Еще лет десять назад казалась близким к эпатажу сама возможность тематизации мифа в современном мире. Миф воспринимался в качестве известной исторической формы общественного сознания, причем исторически исходной формы, которая была замещена последующими, — религиозными формами сознания, философскими, научными, бог знает какими, но во всяком случае теми, которые от мифа будто бы не оставили и следа. Но на самом деле, если мы внимательно почитаем старые тексты, первые опыты рефлексии над мифом, например, тексты античной трагедии, мы и там с легкостью убедимся, что у человека не было никаких иллюзий, что след мифа на этом мире того же рода, что и след его истории. Миф рубцов не оставляет. Миф в исходе, в самом начале того, что наносит эти рубцы, — будь то мечом, будь то солнечным зайчиком, будь то просто годами бессмысленного существования. И в данном случае Эсхил или Софокл для нас ничуть не более далеки, чем Кафка, Беккет или Ионеско.

Странно, что так было лет десять назад. А сегодня тематизация мифа в современности представляется едва ли не обязательным делом, постольку, поскольку мы собственный мир пытаемся обозреть сколько-нибудь членораздельным образом. Тем более ясным и членораздельным становится голос достаточно периферийной в свое время традиции европейской философии, восходящей в Новое время к позднему Шеллингу. И затем через философию жизни и работы Ницше обрывающуюся каскадом специфически постмодернистской литературы, то есть манифестациями именно того мира, о котором у нас сегодня идет речь, — начиная с позднего Хайдеггера и его трактатов о поэзисе, и кончая тем синтезом постструктурализма и психоанализа, с которым мы сталкиваемся во Франции. В данном случае речь идет прежде всего о Ролане Барте, который первый жестким образом тематизировал миф, впрочем, представив его в достаточно специфической форме. И кончая, по-видимому, Мишелем Фуко и Жилем Делезом с Феликсом Гваттари. Я не убежден, что Ролан Барт когда-либо открывал позднего Шеллинга, его «Философию откровения», я даже полагаю, что точно не открывал, но дело ведь не в этом.

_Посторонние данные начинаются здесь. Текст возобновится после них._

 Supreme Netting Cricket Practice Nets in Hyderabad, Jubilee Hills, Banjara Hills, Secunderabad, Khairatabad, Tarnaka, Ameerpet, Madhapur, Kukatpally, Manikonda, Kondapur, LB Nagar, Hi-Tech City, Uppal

Дело в том, что миф вынужденным образом сам себя тематизирует изнутри тебе не принадлежащего слова, ибо тебе принадлежит единственно и только логос. Мифос и логос — суть инобытие друг друга, они две формы того, что мы называем Словом, которое было в начале мира. Для простоты понимания, которое я хочу предложить, — разница между ними буквально того же рода, что разница между вдохом и выдохом. Слово в тебя входит, ты им дышишь и оно никому не принадлежит. Тем оно резко противостоит своим как будто бы последышам, — идеологемам, философемам и вообще всему тому, что может быть дискурсивно представлено. Мы отвечаем за его внутреннюю членораздельность, за его обоснованность, за его силлогистическое достоинство. Путь от выдоха к вдоху можно представить в качестве онто-физиологического процесса, но боюсь, не об этом писали авторы, размышлявшие под девизом «От мифа к логосу». Они писали, каким образом происходит рационализация того слова, которое существует единственно потому, что воспринимается в качестве действительности.

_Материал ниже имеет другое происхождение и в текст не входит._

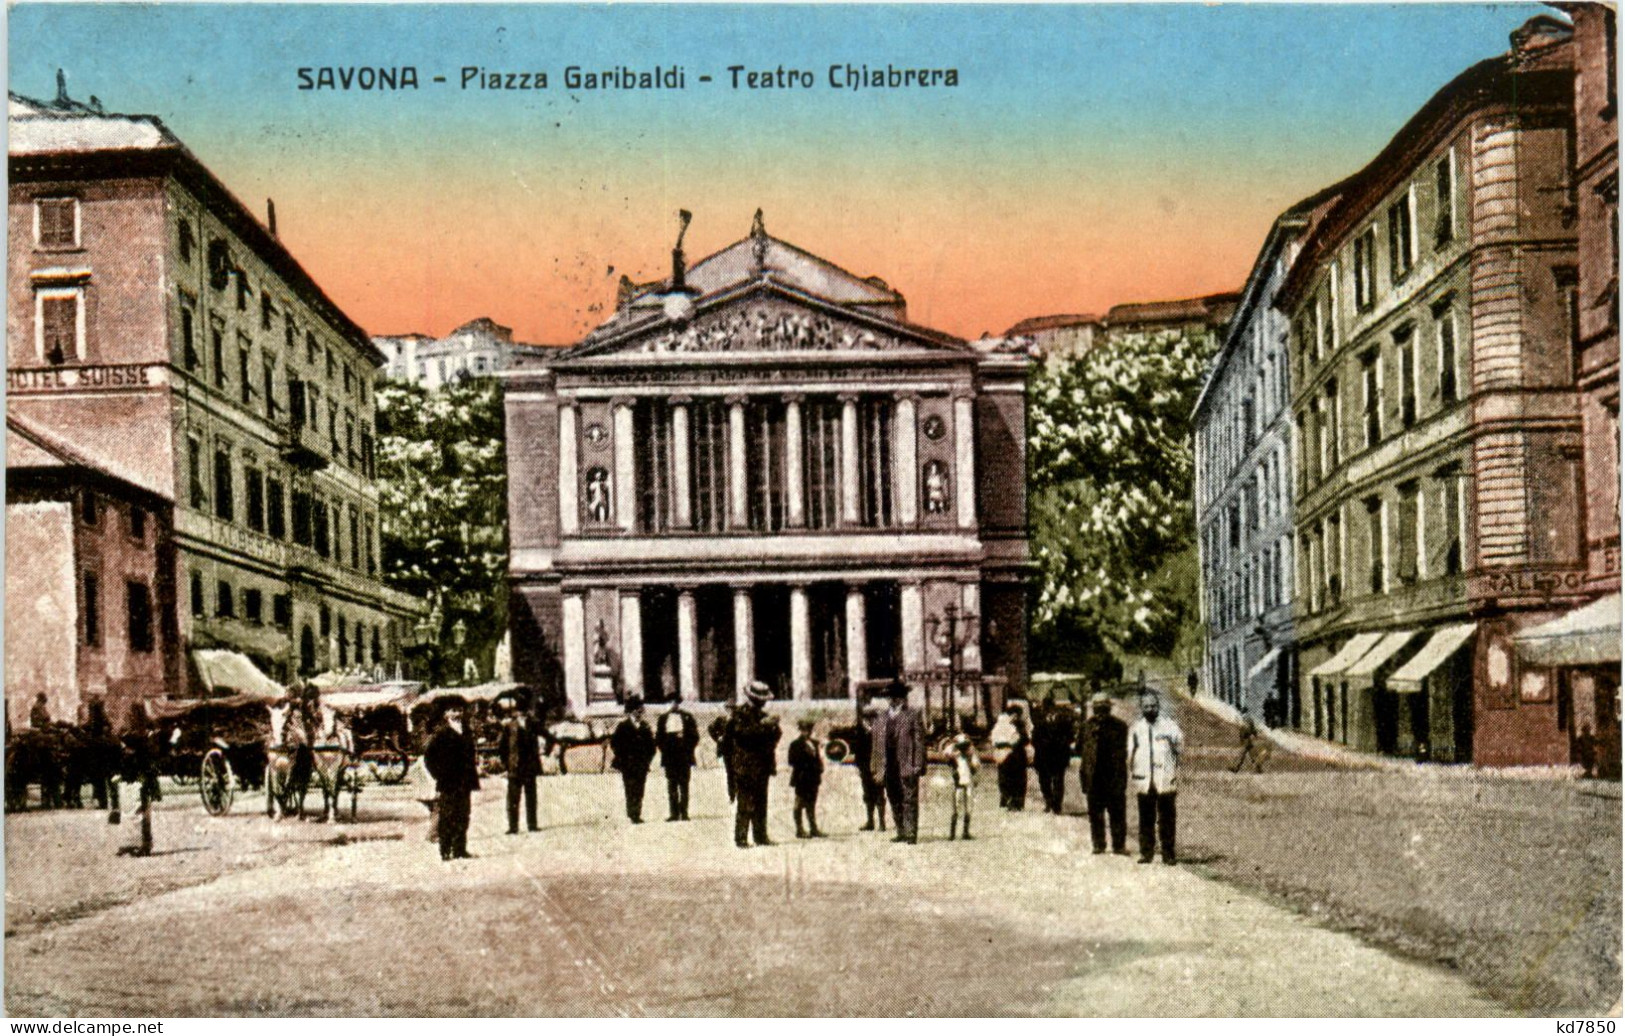 Savona - Piazza Garibaldi - Savona

Например, каким образом это поле попадает в пространство возможного человеческого сомнения, а прежде, по-видимому, и мнения? Дело в том, что мнить в пространстве мифа вовсе ничего нельзя. Бедная парменидовская душа, которая летала в облаках и проходила сквозь врата Дике с тем, чтобы потом выбрать путь то ли к знанию, то ли к мнению, летела куда угодно, но не к мифу. Душа вообще к мифу не слишком устремляется, за исключением, может быть, детей, которые их слушают, но воспринимают, естественно, как сказки, которые нельзя заместить ничем иным, кроме как новыми сказками. Но в своей действительности миф живет прямо обратным образом, — он не то, к чему, а то, от чего. Это не то, к чему мы направляемся, а то, что нами движет, и именно поэтому остается за спиной. Это начало вдохновляющее и воодушевляющее, а не то, которое может быть представлено в качестве результата более или менее дискурсивной деятельности сознания, и в этом смысле напоминает, говоря гегелевским языком, труп, оставивший после себя тенденцию.

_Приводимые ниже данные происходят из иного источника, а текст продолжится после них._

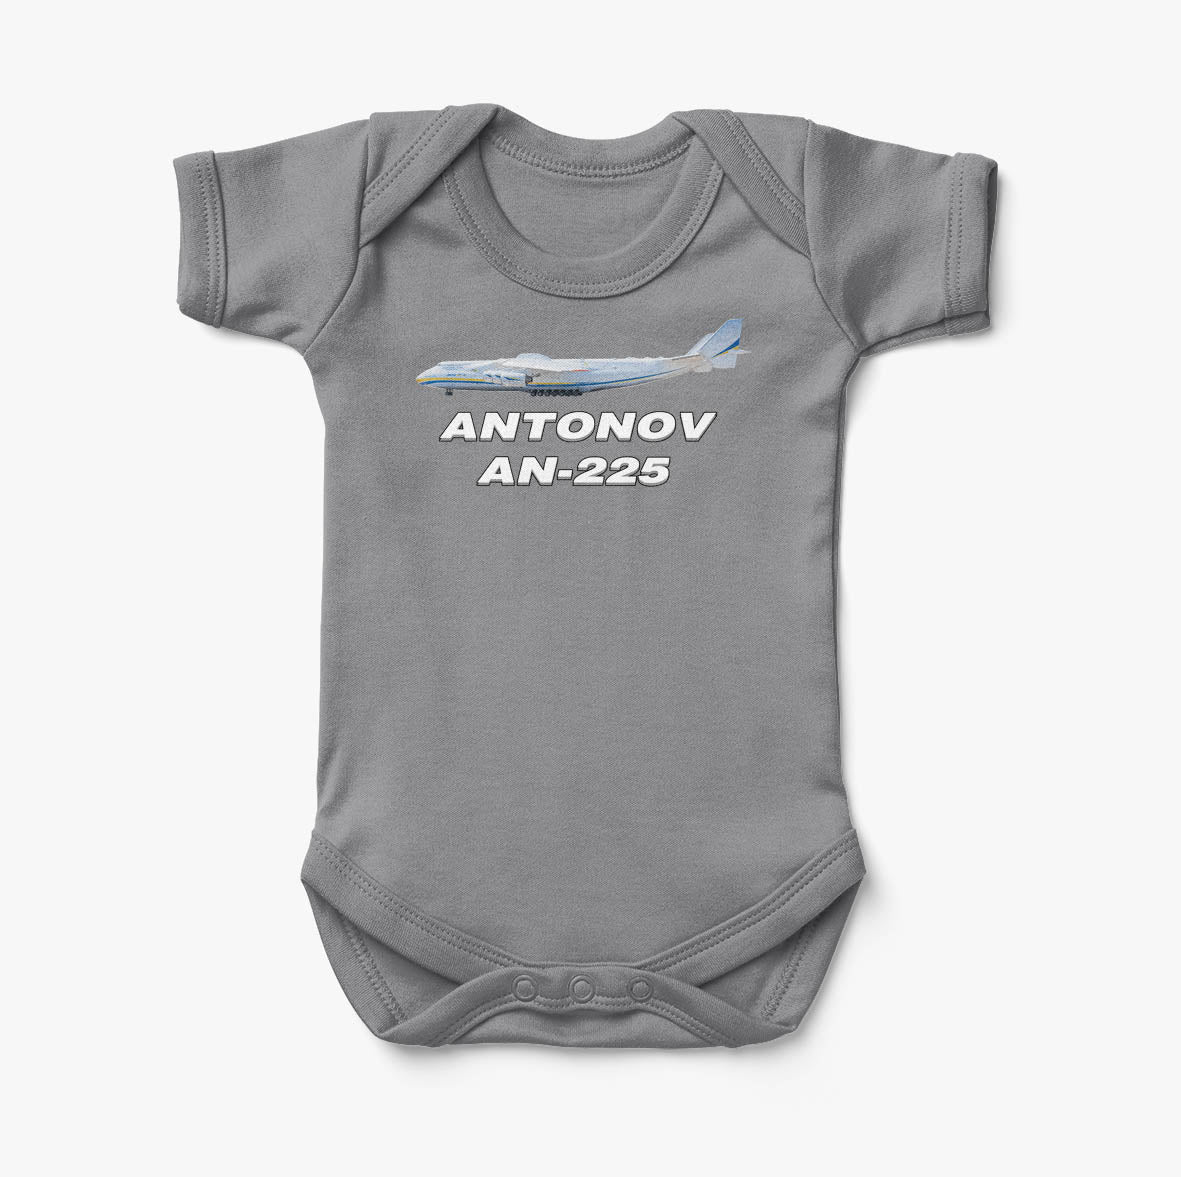 The Antonov AN-225 Designed Baby Bodysuits

Здесь тенденция прежде трупа, прежде смерти, потому что она и есть то, что привносит в мир саму жизнь. Разгадать эту жизнь — и значит сказать правду о том, кто уходит на наших глазах за горизонт, оказываясь центром, то есть героем самого мифа. Герой мифа, будь то бог, будь то полубог, герой или просто эллин, или русский, любой из нас, — есть просто тот, кто умудряется, несмотря на и онтологическую, и эпистемологическую невозможность этого шага, сделать шаг за горизонт, и тем самым раздвинуть границы культурного мира. Сделать шаг туда, по отношению к чему мы из центра этого мира храним трансцендентальное равнодушие. Сделать шаг туда, что на самом деле заключено не где-то на окраине земли, а в самом центре творящей ее то ли эллинской, то ли русской, то ли мировой души. Недавно услышал в фильме «Из Африки» признание, которому я верю, — прежде путешественники, дойдя до края земли, говорили: «Все, дальше идти не надо, дальше могут встречаться драконы». На некотором отдалении от квазицентра культурного мира возникает ощущение, что драконы живут где-то рядом, и нужно сделать шаг в их страну. Это и значит раздвинуть культурное пространство мира, это и значит, другими словами, делать миф, провоцировать его существование. Возвращаясь к традиции, понятно, что Шеллинг находился под сильнейшим обаянием романтизма, и в его позднем творчестве больше братьев Гримм, чем его друга детства Гегеля. Но мы должны иметь в виду, что первоначально в метафизике, во всяком случае в пределах философии откровения, мифология тематизируется как некоторые исходные сумерки человечества, — как та эпоха, в которой духовно укоренена мыслимая современность, мыслимый полдень человеческого духа. В этом смысле отношение Шеллинга и его последователей к мифу глубоко комплиментарное. Такого же рода, как и отношение любого человека к собственному детству.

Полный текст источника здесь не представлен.